WHAT THE EXERCISE ASKS:
Restate the listing below word for word, pictures excluded.
──────── MATERIAL PROVIDED
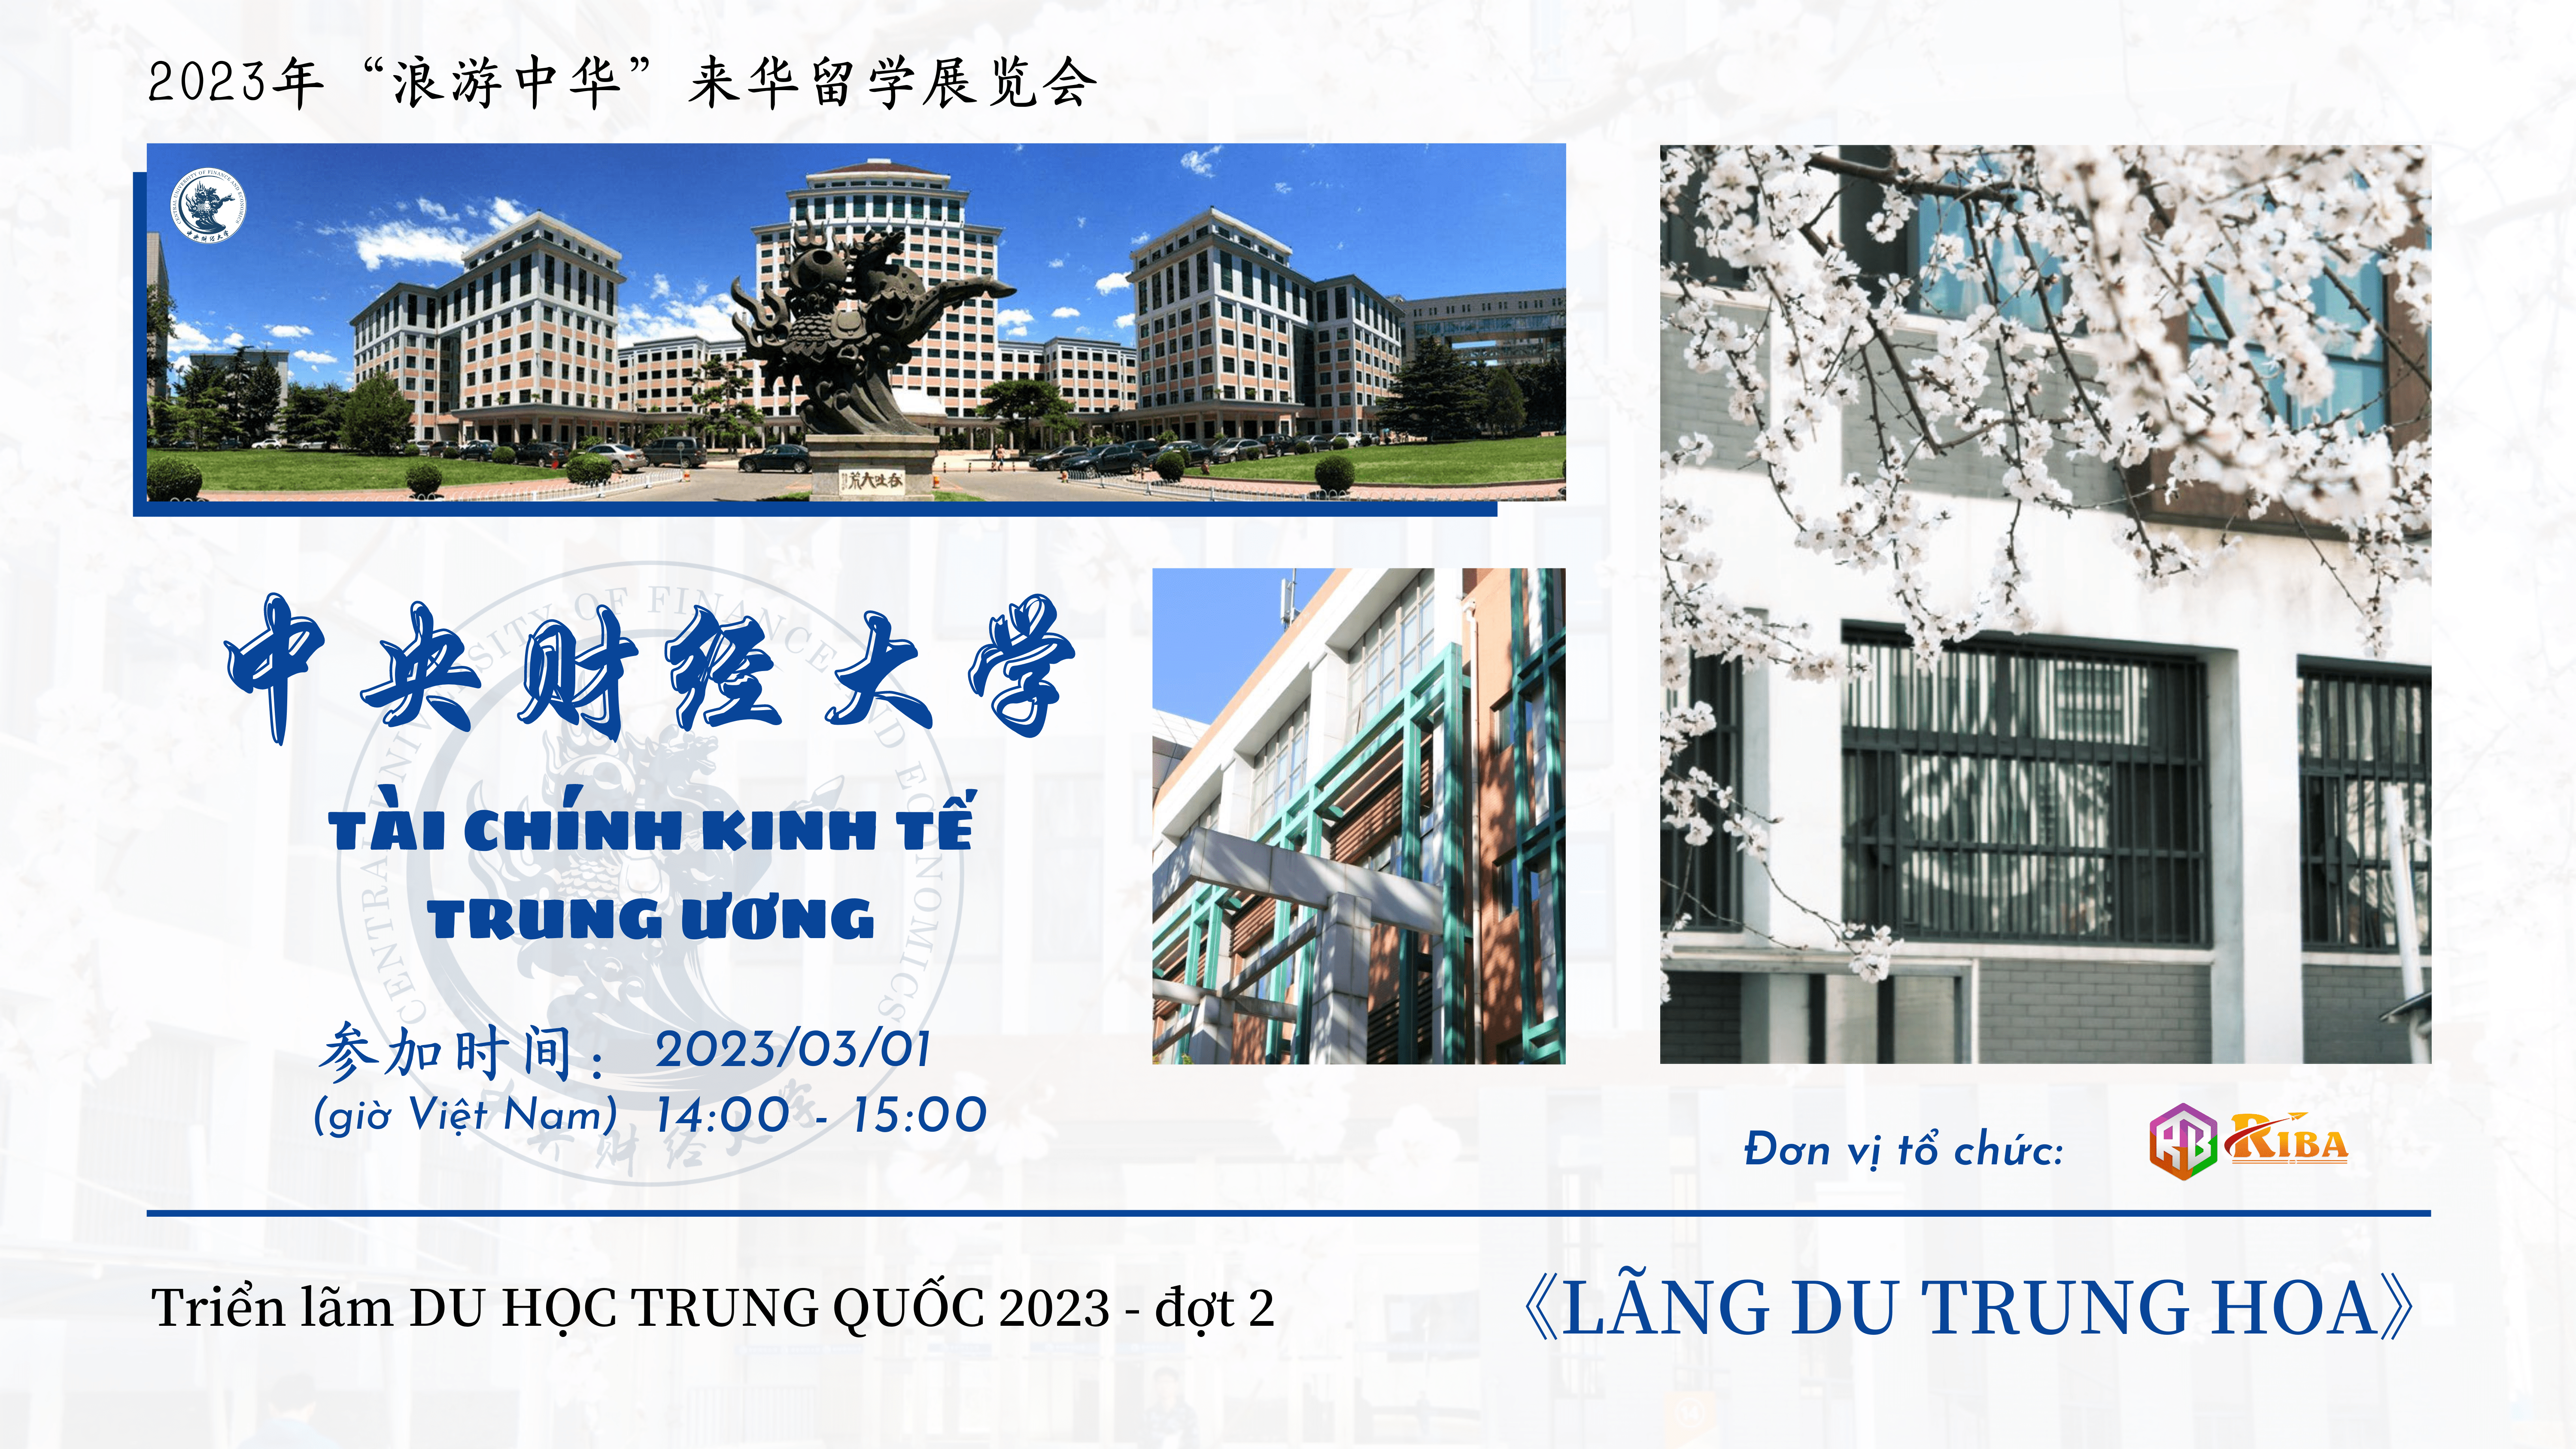 dai-hoc-tai-chinh-va-kinh-te-trung-uong-lang-du-trung-hoa-2023
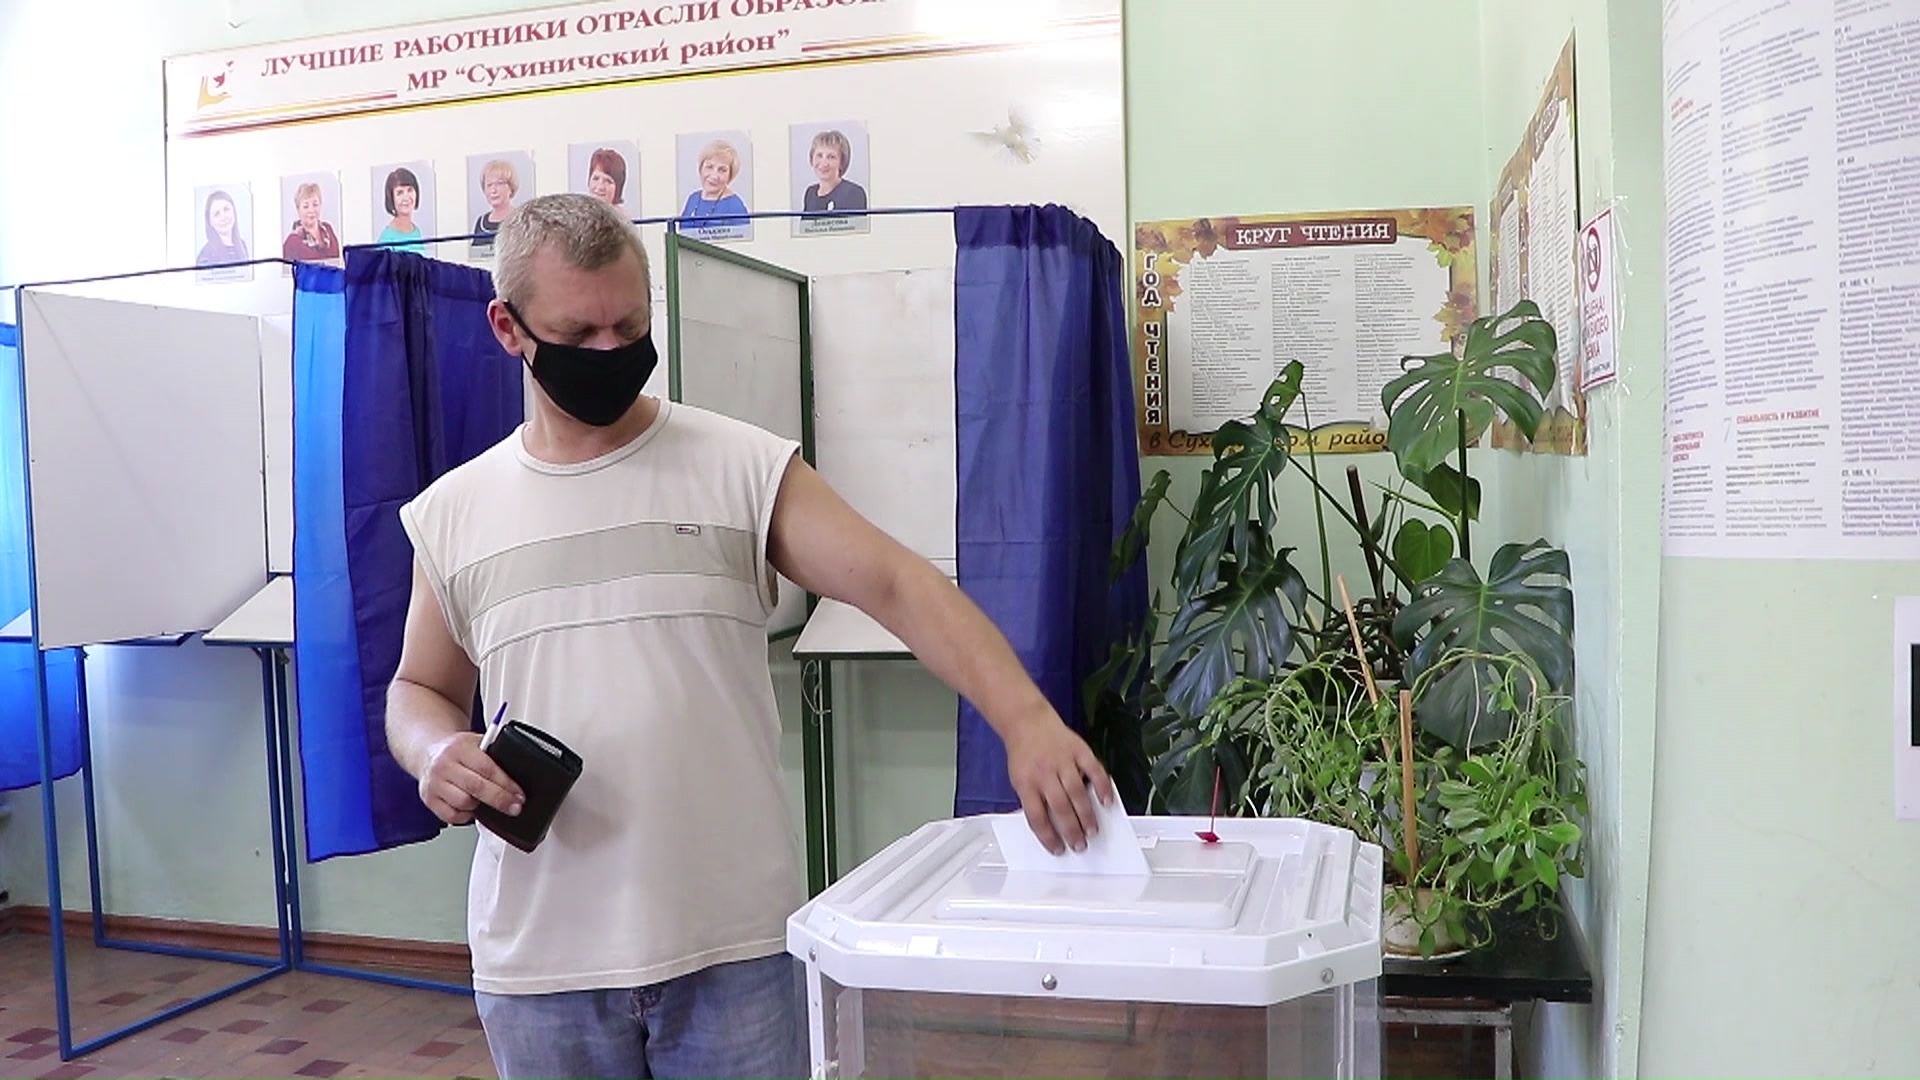 Явка населения. Выездной участок для голосования. Люди на избирательном участке фото. Избирательный участок Сухиничи на автозаводе.
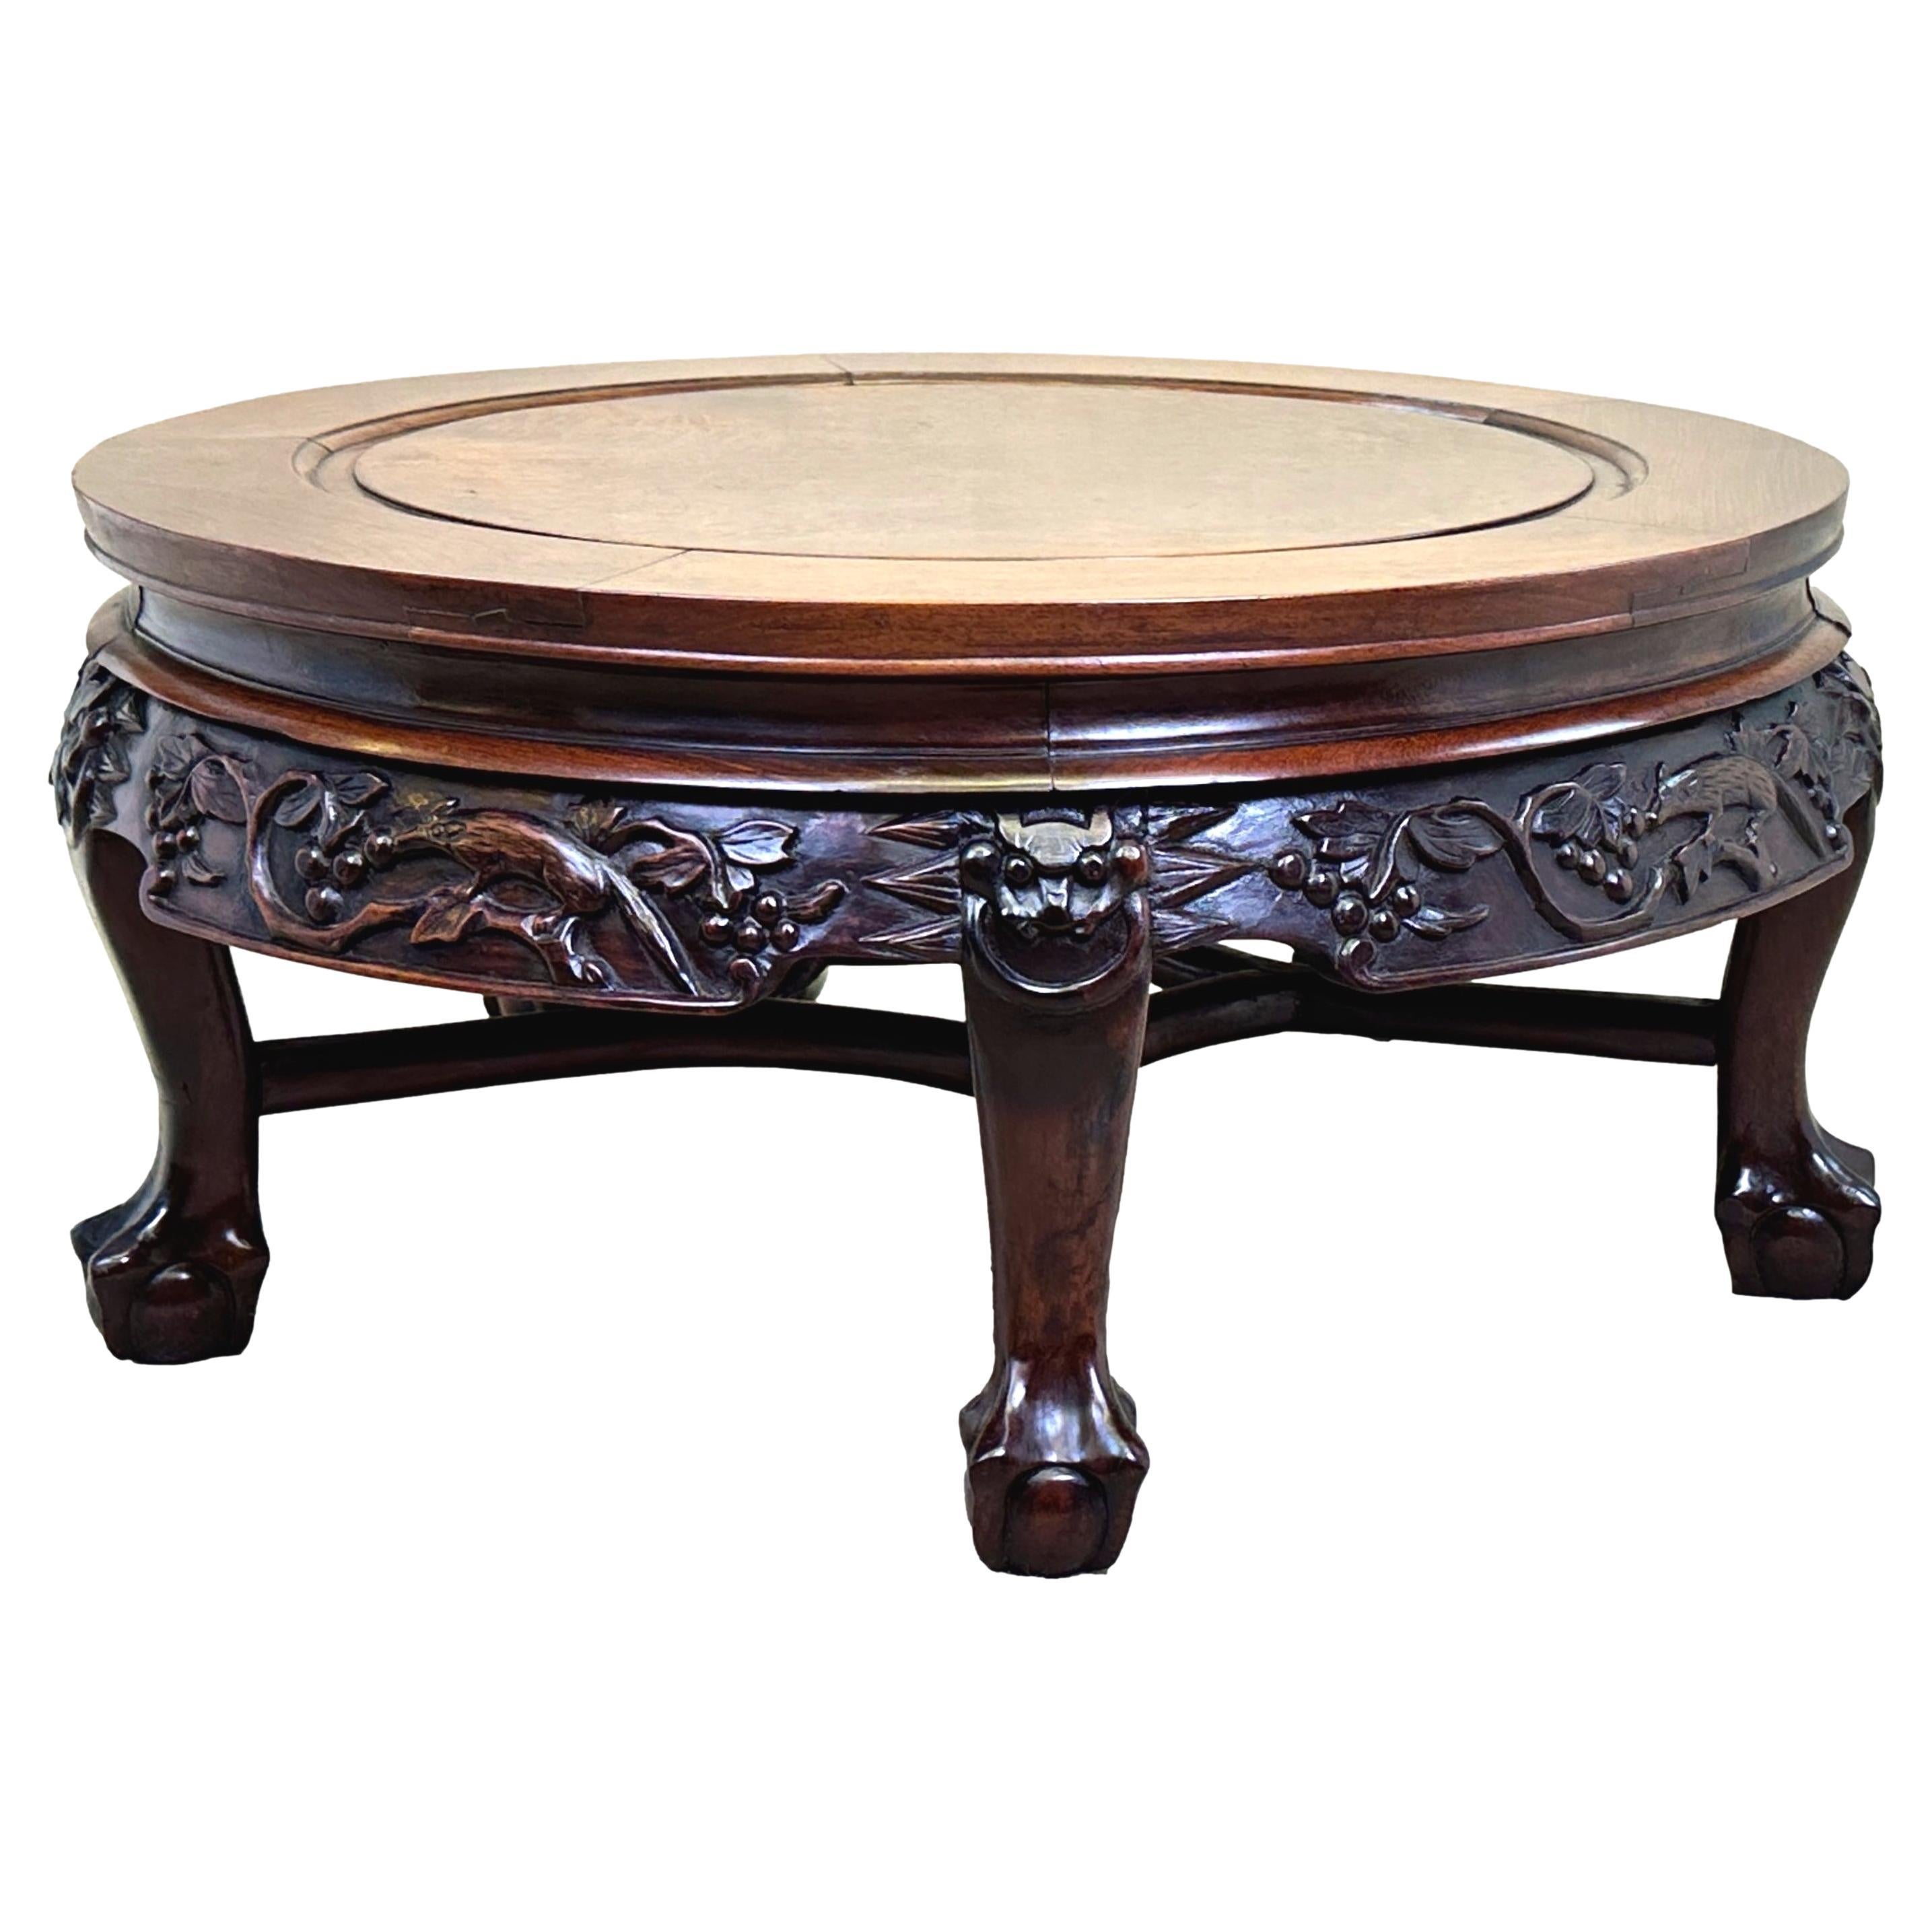 Table basse circulaire en bois dur oriental
────────────────
TASK SOLUTION:
 dai-hoc-tai-chinh-va-kinh-te-trung-uong-lang-du-trung-hoa-2023
 Явка населения. Выездной участок для голосования. Люди на избирательном участке фото. Избирательный участок Сухиничи на автозаводе.
 Table basse circulaire en bois dur oriental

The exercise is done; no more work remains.